Мне очень хотелось, чтобы, открыв Гойю в Кологриве, Юрий Иванович стал знаменит и в своей стране. Хотя что такое «открыть»? Если это Гойя, то он и раньше был им. Если это Америка, то она существовала и до Колумба. Просто благодаря Колумбу мы узнали, что она есть. Точнее сказать, Колумб атрибутировал Америку.
И вот, пока мы с Юрием Ивановичем в поезде, который не назовешь фирменным даже в хорошем расположении духа, под крутые яйца и помидоры с грубой солью выпиваем по маленькой, видится мне картина, которую нарисовала Ирина Владимировна Линник, жена нашего Кузнецова. Будучи известным искусствоведом, она вернула, среди прочего, евангелистам Луке и Марку имя их создателя — Хальса и открыла в запасниках Эрмитажа, что «Дары волхвов», считавшиеся копией, на самом деле рембрандтовский оригинал!
Путешествие «Волхвов» в Японию. Картины живут судьбой той страны, где они оказались, а не той, где были созданы. У них, простите, двойное гражданство.
Родились «Волхвы» в Нидерландах, где жил Рембрандт, потом были проданы в Россию, здесь забыли родителей, получив статус копии, и в безвестности прозябали на стеллажах хранилища. Линник вернула им громкую фамилию, и они, не изменившись ни единым мазком, не прибавив достоинств, враз стали знаменитыми. (Не так ли и у людей?)
Доказав, что в запасниках Эрмитажа вместо копии хранился оригинал, Линник всполошила культурный мир: «Рембрандт! Настоящий Рембрандт!»

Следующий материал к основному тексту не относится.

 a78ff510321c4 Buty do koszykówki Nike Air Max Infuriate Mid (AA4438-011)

Гений, закончивший век в нищете, теперь стоил немыслимые миллионы, и японцы захотели его увидеть. У себя. («Доставьте Америку в Верхоянск — мы хотим ознакомиться».) Они вообще тяготеют к искусству, а уж если знают, что оно высокое!.. Им нравится наша музыка, Чайковский — любимый композитор. А тут русский Рембрандт.
Многим захотелось и сфотографироваться на фоне «Волхвов», как в Лувре на фоне «Джоконды». Подошел, повернулся спиной к шедевру, лицом к объективу, чтоб и Леонардо было видно. И — бегом к Венере Милосской.
В общем, приезжайте!
Выправляет Ирина Владимировна документы-визы, покупают им с сослуживицей (не одной же везти шедевр) щадящие билеты, и собираются они в путь.

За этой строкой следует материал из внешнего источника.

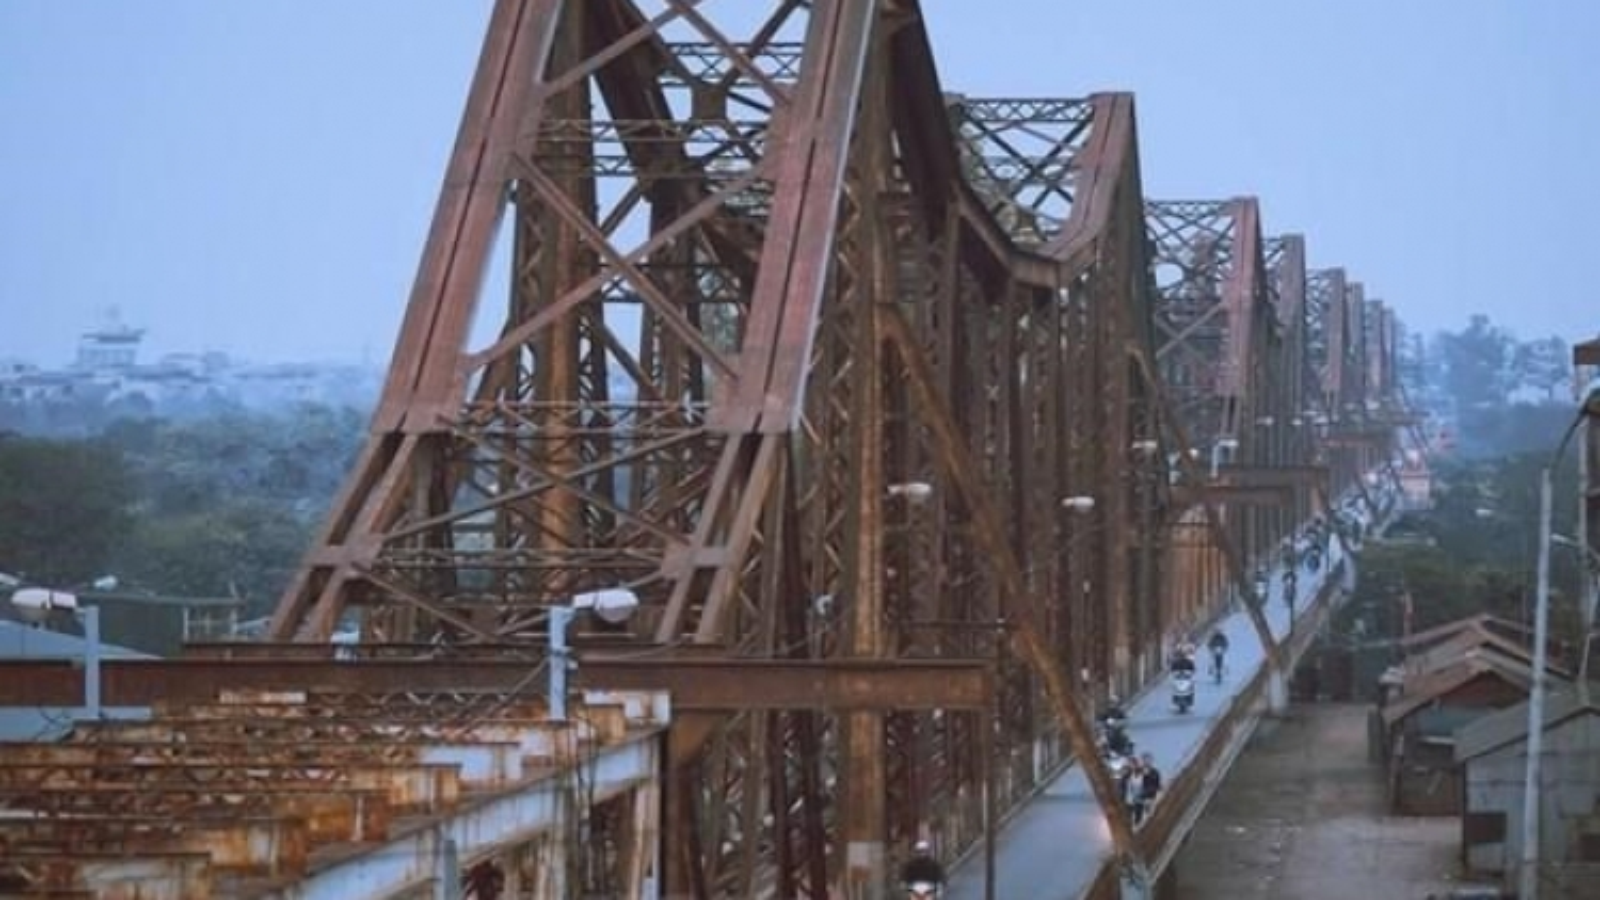 Transport Ministry to prioritise funding for maintenance of Long Bien Bridge

Картину пакуют тщательно — в чистую простыню, потом в байковое одеяло, и все это заворачивают в кухонную клеенку на случай дождя. Для верности обвязывают бельевой веревкой, берут под мышку (благо вещь небольшая) и на музейной машине едут на Московский вокзал. Взяв купе (не в плацкартном же вагоне везти Рембрандта), две женщины закрывают дверь на самодельный «блокатор», который за рубль дает проводник, и, выходя по очереди к умывальнику, доезжают до Москвы. Поскольку у минкультовской «Волги» в этот день как раз случилось техобслуживание, они, обняв покрепче Рембрандта, чтоб не выхватили в толпе, садятся в случайное такси и, подозрительно поглядывая на шофера, едут в аэропорт. Там, предъявив все документы с фотокарточками, разворачивают «куклу» для таможни. Потом заворачивают вновь в простыню, байковое одеяло, клеенку (в Японии — бывает сыровато), обвязывают бельевой веревкой и идут в самолет со своей бесценной поклажей. Угнездившись в креслах и держа на руках укутанную картину, они наконец освобождаются от страха за сокровище и спокойно летят свои полтора десятка часов до Токио.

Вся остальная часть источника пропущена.